It had cooled down considerably today, and after breakfast while Rob had some time in the garden I pushed the girls in the pram down to the laundry hut to do some washing. I could see their eyes getting heavy, so I put up the hammock, and rocked Elisabeth in the pram with one hand whilst rocking Maggie and I in the hammock.
I could have snoozed, but instead I enjoyed the moment with my girls. I return to part time work next Wednesday. After 13 months of maternity leave it will be a bit of a readjustment. At the beginning the months ahead seemed to be such a long time, and even when I had a meeting in August with my supervisors, my return still seemed such a long time away. Since Rob has been on holidays with us, I have been mindful of the return date, but instead of letting sadness or worry ruin my remaining days as purely a stay at home Mama I have tried to enjoy each day.
So today I looked down at a sleeping, snuggling Maggie on my chest in the hammock, and later this afternoon Elisabeth in my lap on the window seat and I soaked in the moment. No iPhone. Just us. I listened to the sounds of our home, the dogs panting in the shade, the washing machine sloshing through a cycle, the buzz of insects, the breeze rustling the grass, a swallow singing above me on the washing line. I looked at the hut, Rob when he walked by covered in Lily pollen, the peaceful look on the girls faces, and high above us,
a wedge tailed eagle, slowly circling higher and higher against the cloudy sky.

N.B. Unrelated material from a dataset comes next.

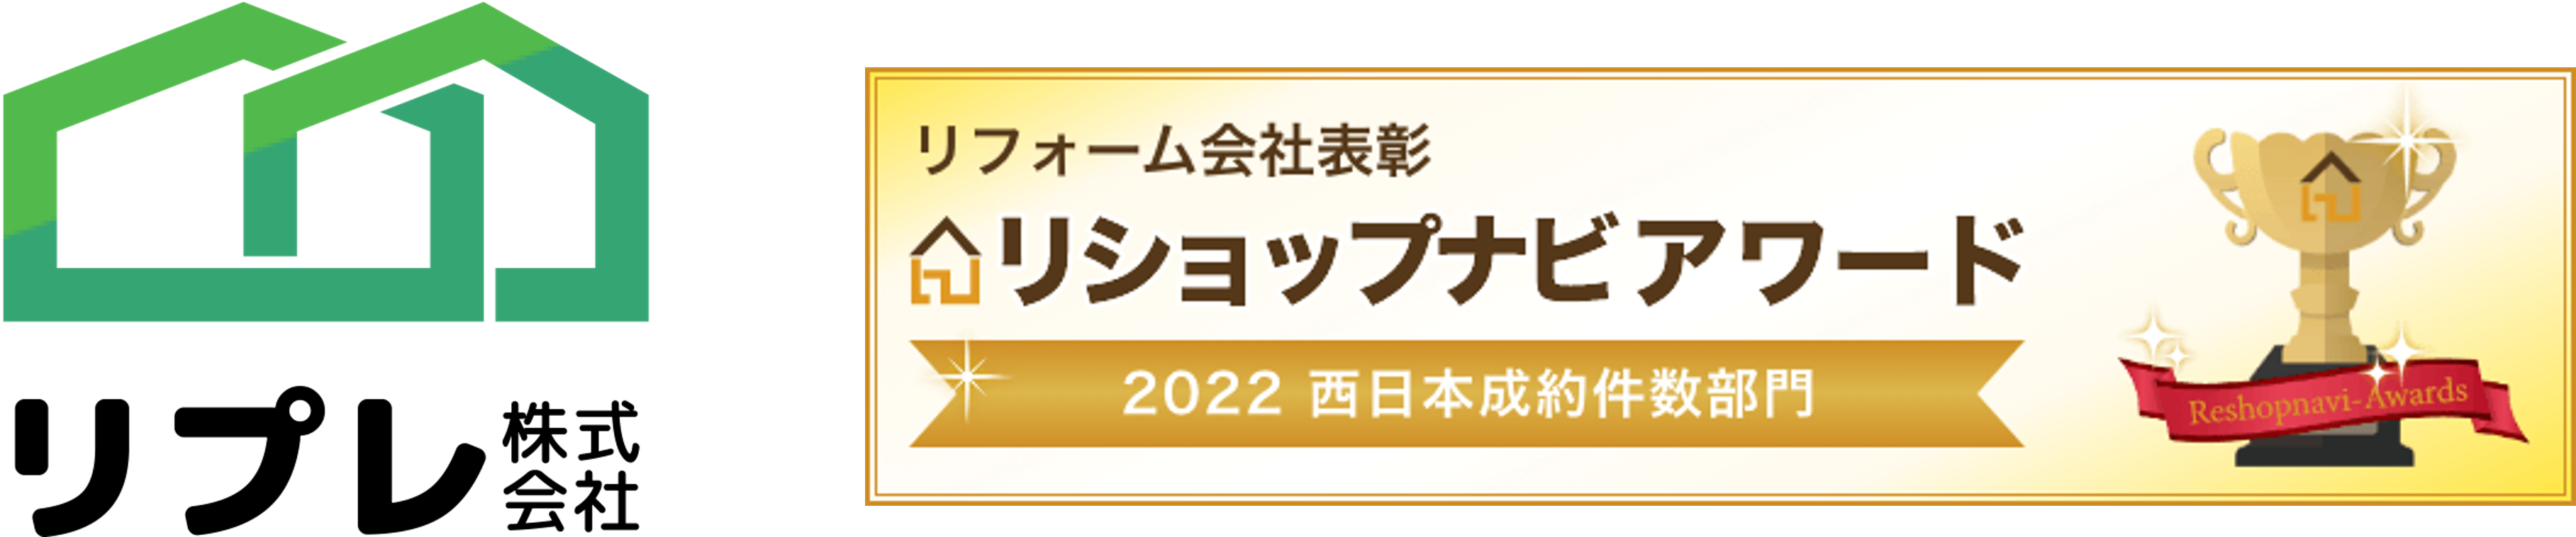 リプレ株式会社が「リショップナビアワード 2022」西日本成約件数部門にて1位を受賞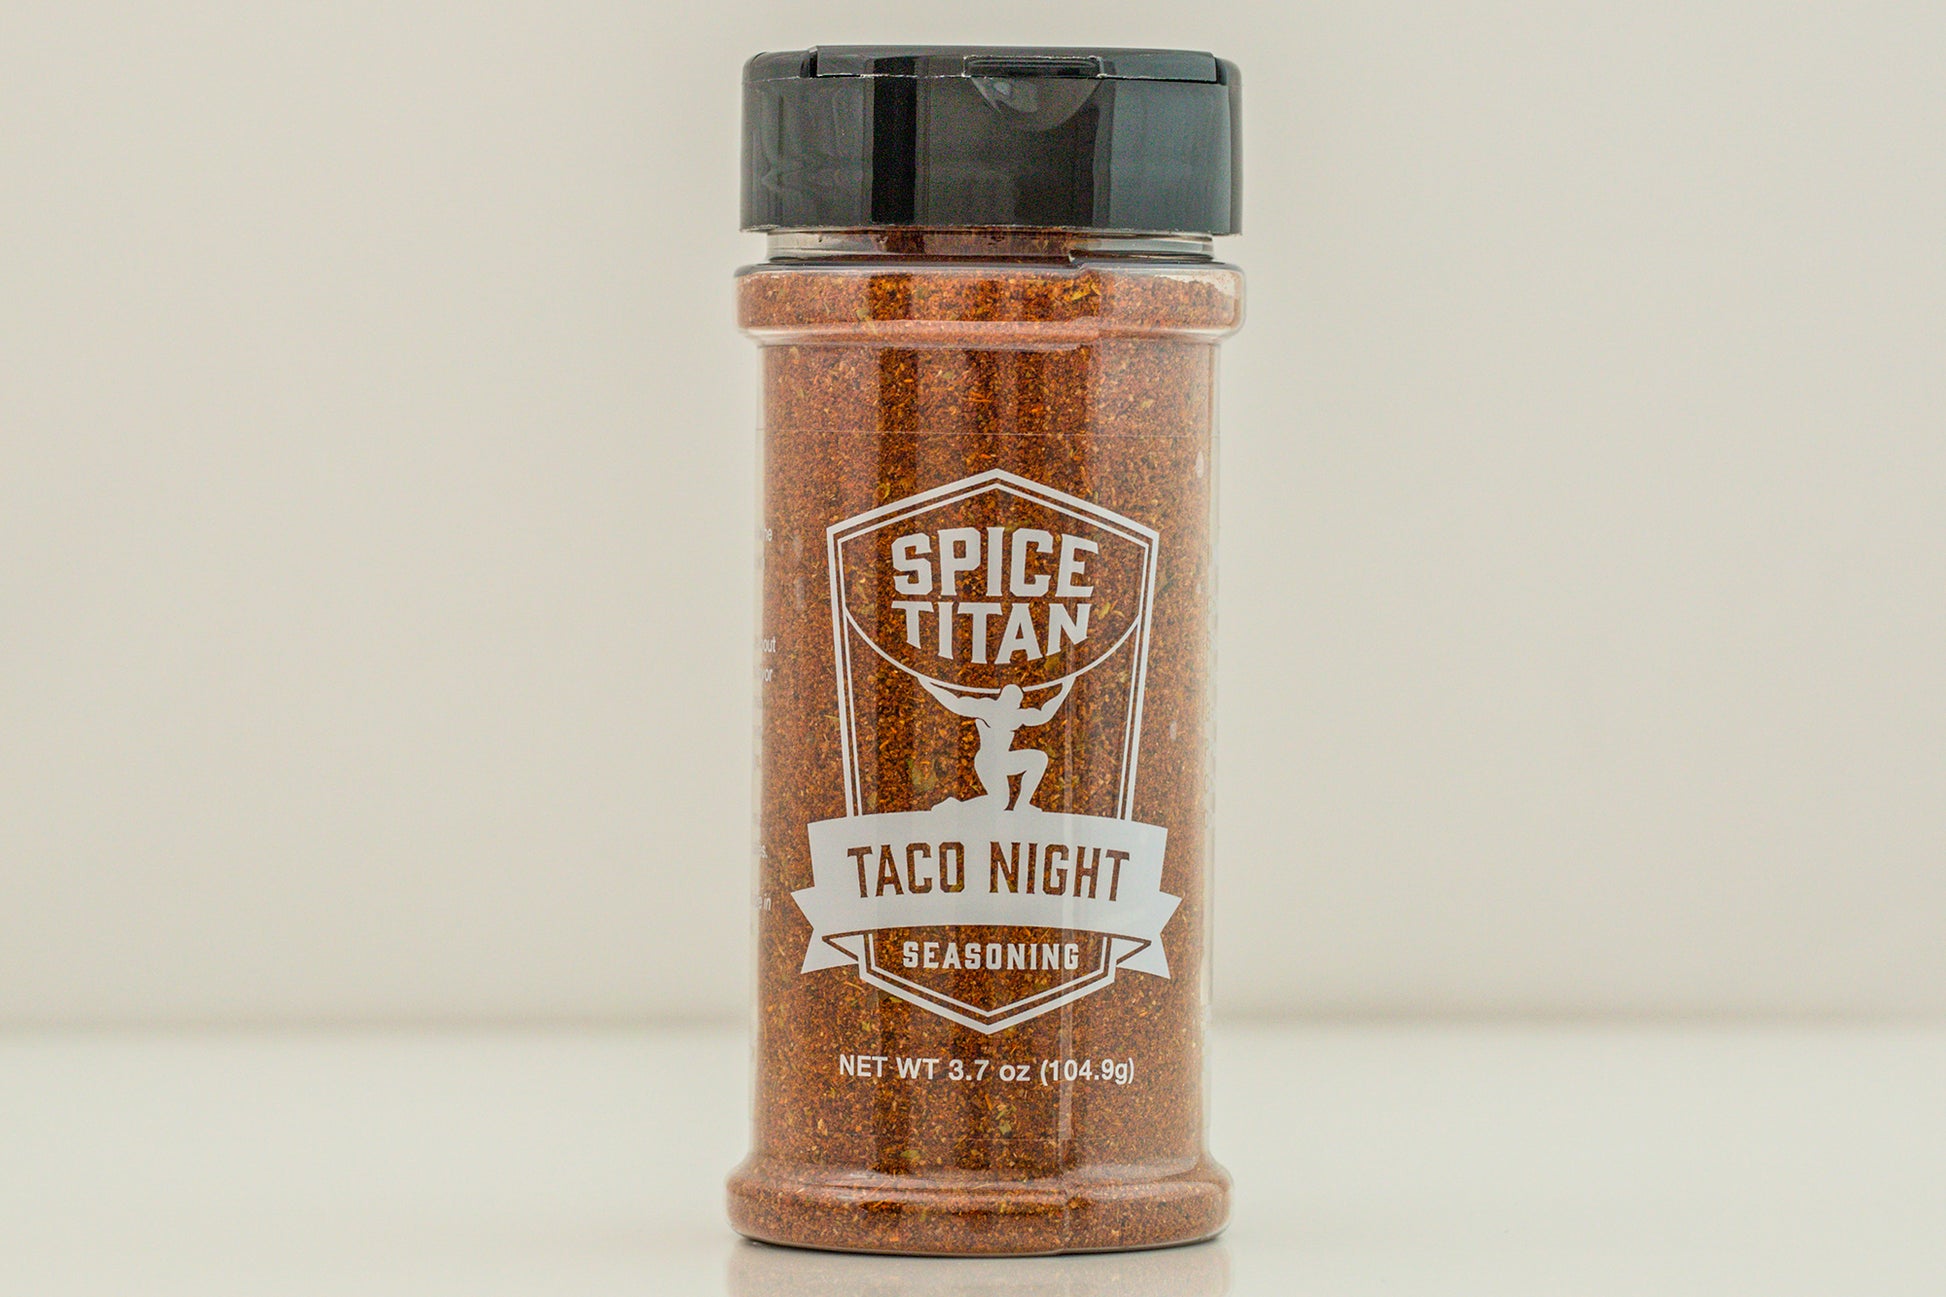 Taco Night Spicetitan.com

Of course I will be a bit sad to leave next Wednesday morning, but for the first six months Rob will be taking some leave to look after them at home. So I know they will be fine and enjoy some time with their Papa. I am trying not to worry about all the tasks that await my return (I have been warned a few things have slipped in my absence). Or the fact that I thought the girls might have weaned themselves by now, well that will work out too. I'm no stranger to the breast pump, so it will come with me to work, and the girls can drink expressed milk from a bottle or a cup. I am only returning at 50%, so I will still be here most of the time anyway.
All those things I gazed at or listened to will still be here. Sure I may miss some of those big firsts, but I have witnessed so many this past year, I shouldn't let it upset me so.
Finally I worked out this morning, that just because I'm returning this year, it is not set in stone that it has to stay that way forever. Once I repay my years service, if things are not working out, we can reassess and try a different arrangement that works for our family.
A friend commented on Facebook recently that I might struggle to cope with tearing myself away from the girls. I replied that I haven't forgotten for the first 112 days of their lives, I did just that, tore myself away as I said goodbye and left them every day in the NICU. That was hard. At least at the end of a work day I will come home to my family.
So as I enjoy each day of my last week, including my birthday on Saturday, I will store away little memories to smile at during my work day. Of two happy girls with their Papa, a couple of German Shepherds and a small little hut. My family whom I adore in our home. How can I be sad about that?